Como dissemos ontem, devemos observar as atividades do pensamento, porque vivemos a base de pensamentos. Todas as nossas ações se baseiam no pensamento, todos os nossos esforços deliberados tem por base o pensamento: nossas meditações, nossos cultos, nossas orações. O pensamento tem produzido as divisões de nacionalidades as quais dão origem as guerras, as divisões em religiões, como a judia, a árabe, a muçulmana, a cristã, a hindu, a budista, etc. O pensamento tem dividido o mundo não só geograficamente, senão também, psicologicamente, interiormente. O homem está fragmentado, dividido não só no nível psicológico mecânico de sua existência, senão também, em suas ocupações. Se você é um professor, possui seu pequeno círculo e vive dentro desse círculo. Se é um homem de negócios, se ocupa de fazer dinheiro, se é um político, vive dentro dessa área. E, se é uma pessoa religiosa, no sentido da palavra, com a prática de diversas formas de rituais, meditações, com a veneração a algum ídolo ou coisa assim, então, também vive uma vida fragmentada. Cada fragmento tem sua própria energia, sua própria capacidade, sua própria disciplina, e cada curso de ação joga um papel extraordinário em contradição com o outro curso. Vocês devem conhecer tudo isso. Esta divisão, tanto externamente, geograficamente, como no religioso, no nacionalismo e na relação que existe entre você mesmo e outro ser humano, é um enorme derrame de energia. É um conflito que dissipa nossa energia nas disputas, dividindo-nos, fazendo com que cada qual persiga o seu, suas próprias aspirações, que exija sua própria segurança pessoal, etc. Toda ação necessita de energia, todo pensar necessita de energia. Essa energia que se fragmenta de um modo constante, implica um desgaste energético. Quando uma energia contradiz outra, quando uma ação contradiz outra ação — dizer uma coisa e fazer outra, o qual é, obviamente, uma aceitação hipócrita da vida  —, há o derrame de energia. Todas essas atividades devem, por força, condicionar a mente, o cérebro. Estamos condicionados como hindus, budistas, muçulmanos, cristãos, com todas as superstições e crenças que isso implica. Estamos condicionados, a cerca disto não cabe nenhuma dúvida. Não podemos argumentar que não estamos condicionados; o estamos, religiosamente, politicamente, geograficamente.

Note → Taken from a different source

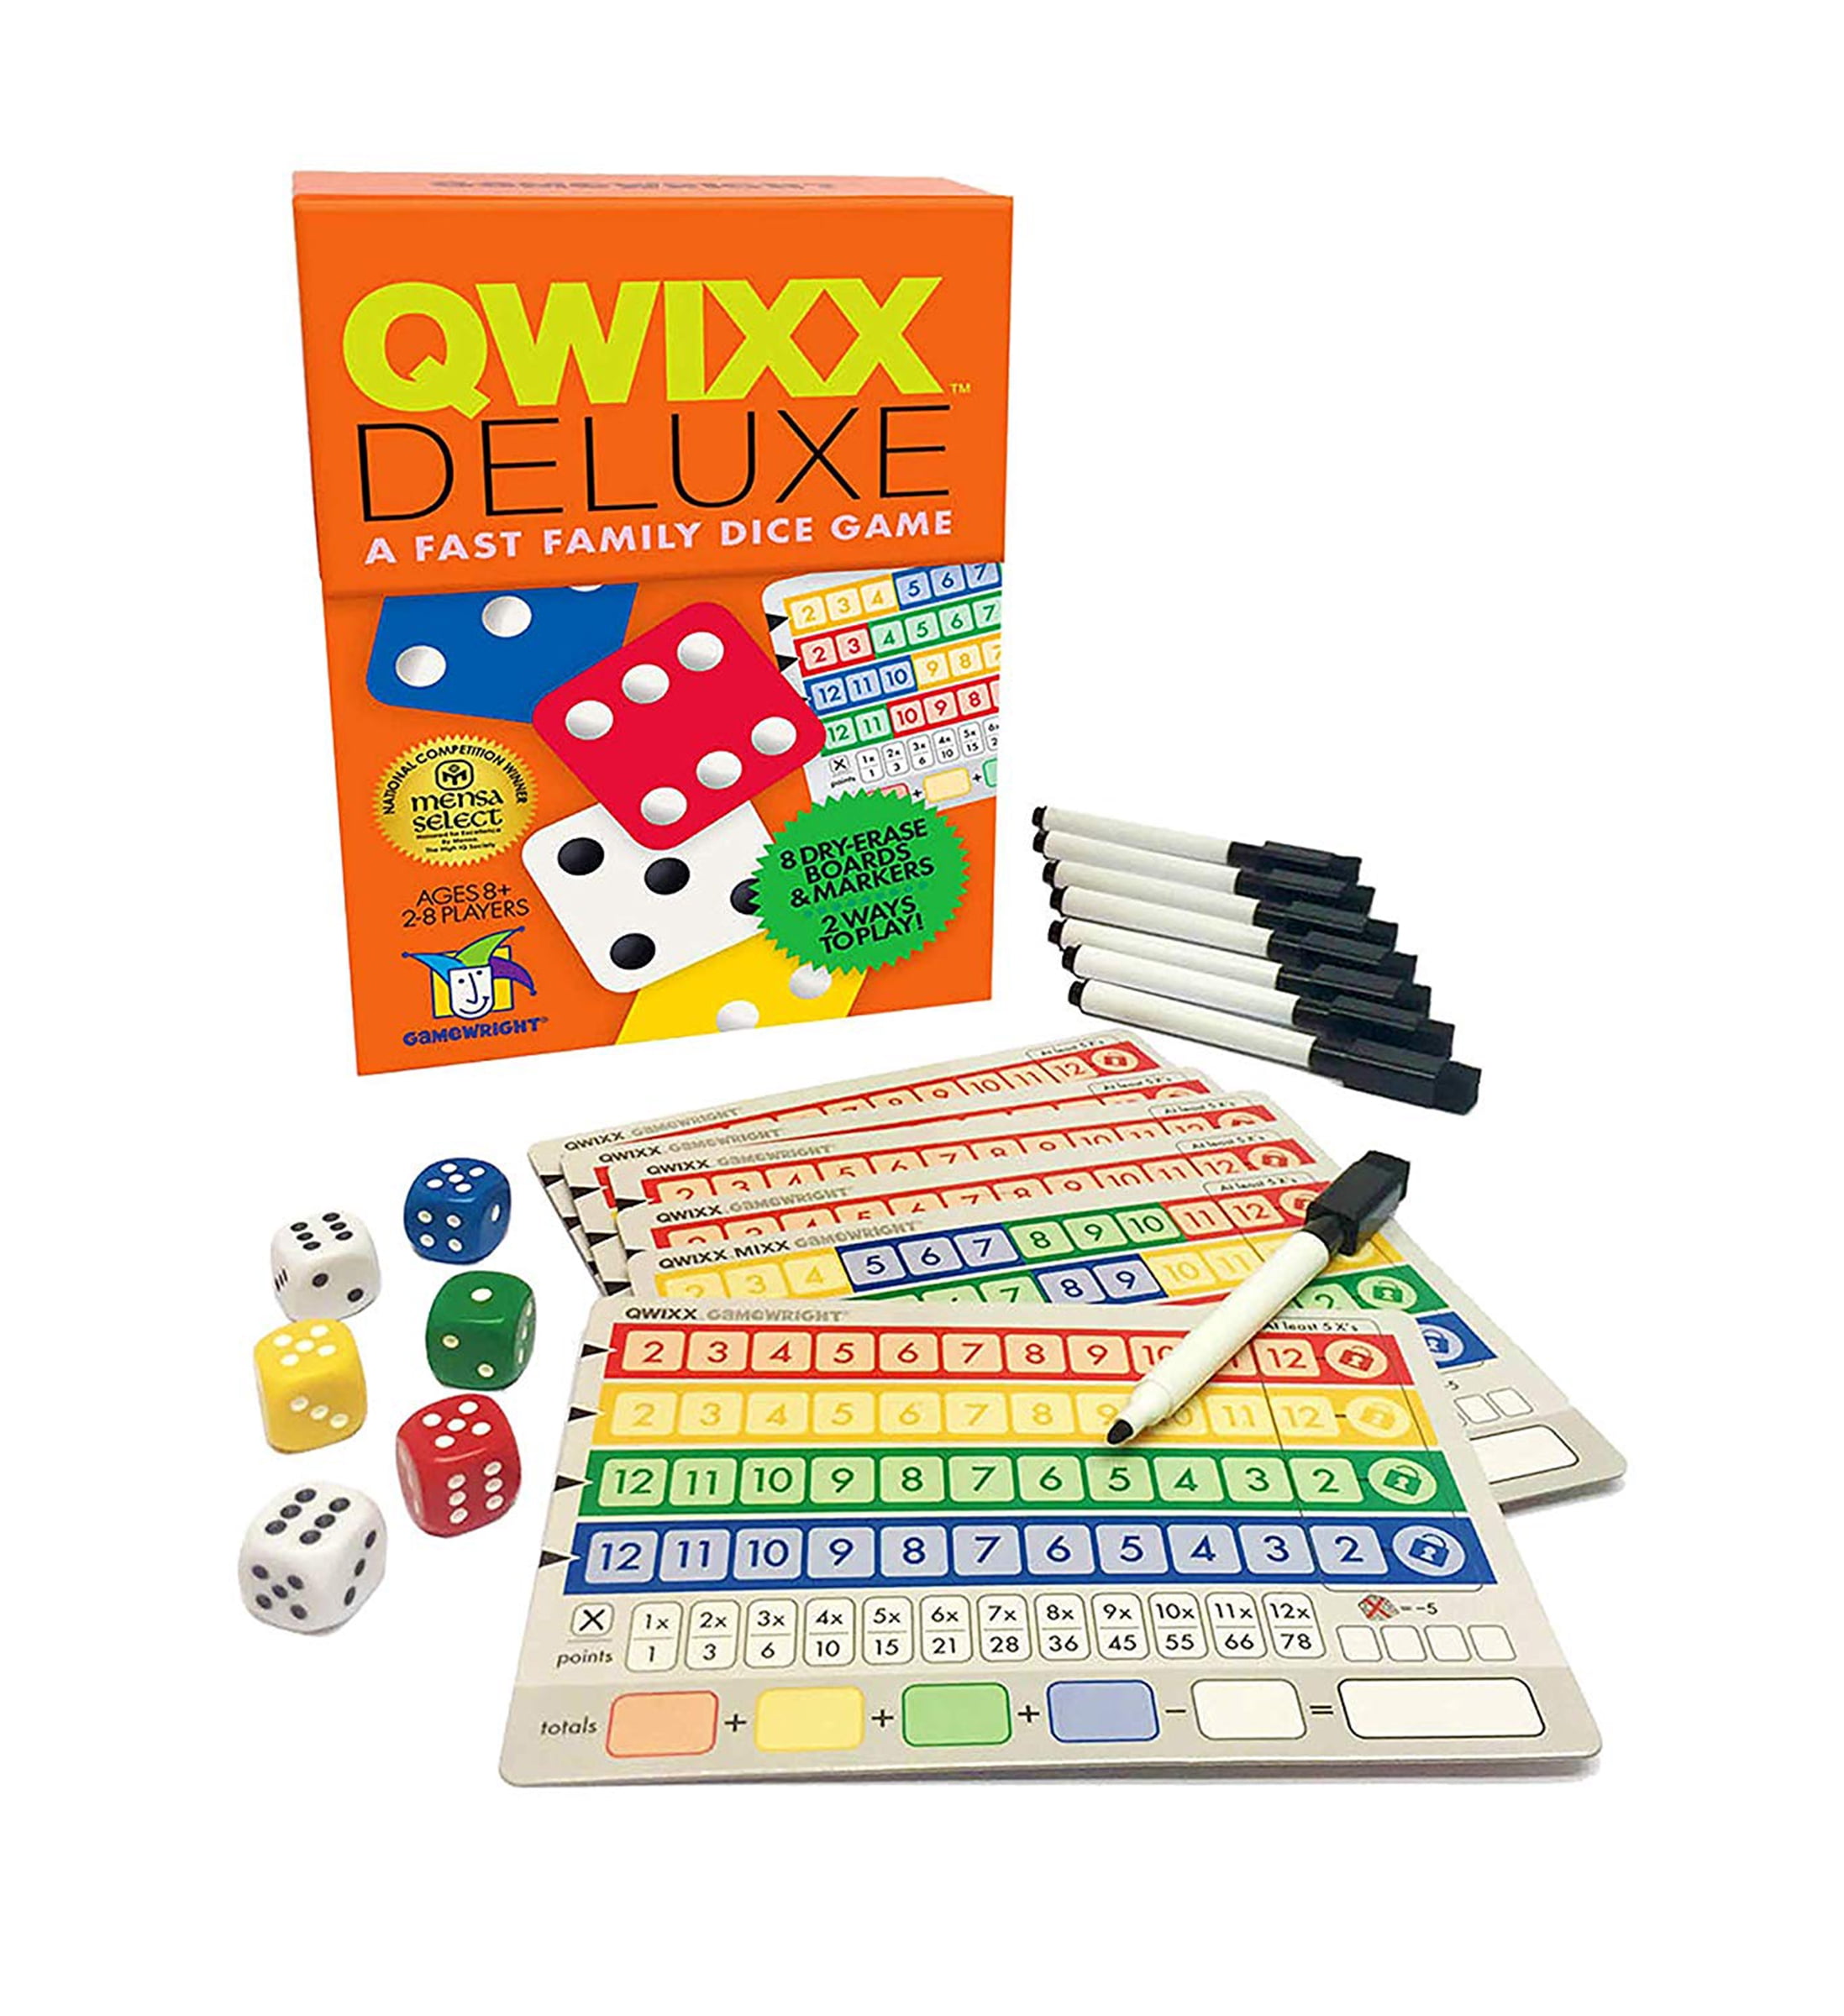 essay Claire Meetbaar Gamewright Qwixx Deluxe Fast Maily Dice Game (Multipack of 3) - Walmart.com

Até que não estejamos livres do condicionamento, livres das atividades do pensar que cria os grandes problemas, esses problemas não poderão ser resolvidos. Necessita-se de um instrumento novo para resolver os problemas humanos. À medida que avançamos, conversaremos sobre isso, porém, não corresponde a quem lhes fala dizer-lhes qual é a nova qualidade desse instrumento; cada um há que descobrir por si mesmo. Por isso é que devemos pensar juntos, se é possível. Isso requer que vocês e quem lhes fala sentemos, investiguemos, examinemos, questionemos, coloquemos em dúvida todas essas coisas que o homem tem produzido, todas as coisas que temos criado como barreiras entre nós e outros. Como seres humanos que vivemos nesta formosa terra que é lentamente destruída, que é nossa terra, não a terra inglesa ou a terra norte-americana, temos que viver inteligentemente, ditosamente; porém, pelo que parece, isso não é possível, porque estamos condicionados. Este condicionamento é como o de um computador: estamos programados. Programados para ser hindus, mulçumanos, cristãos, católicos, protestantes. O mundo cristão tem sido programado durante dois mil anos, e o cérebro tem se condicionado, por causa desse programa, como um computador. Assim que nossos cérebros estão profundamente condicionados, e nos perguntamos se é possível de algum modo, livrar-se desse condicionamento. A menos que estejamos total, completamente livres dessa limitação, não tem sentido o mero inquirir ou averiguar em que consiste esse novo instrumento que não é o pensar.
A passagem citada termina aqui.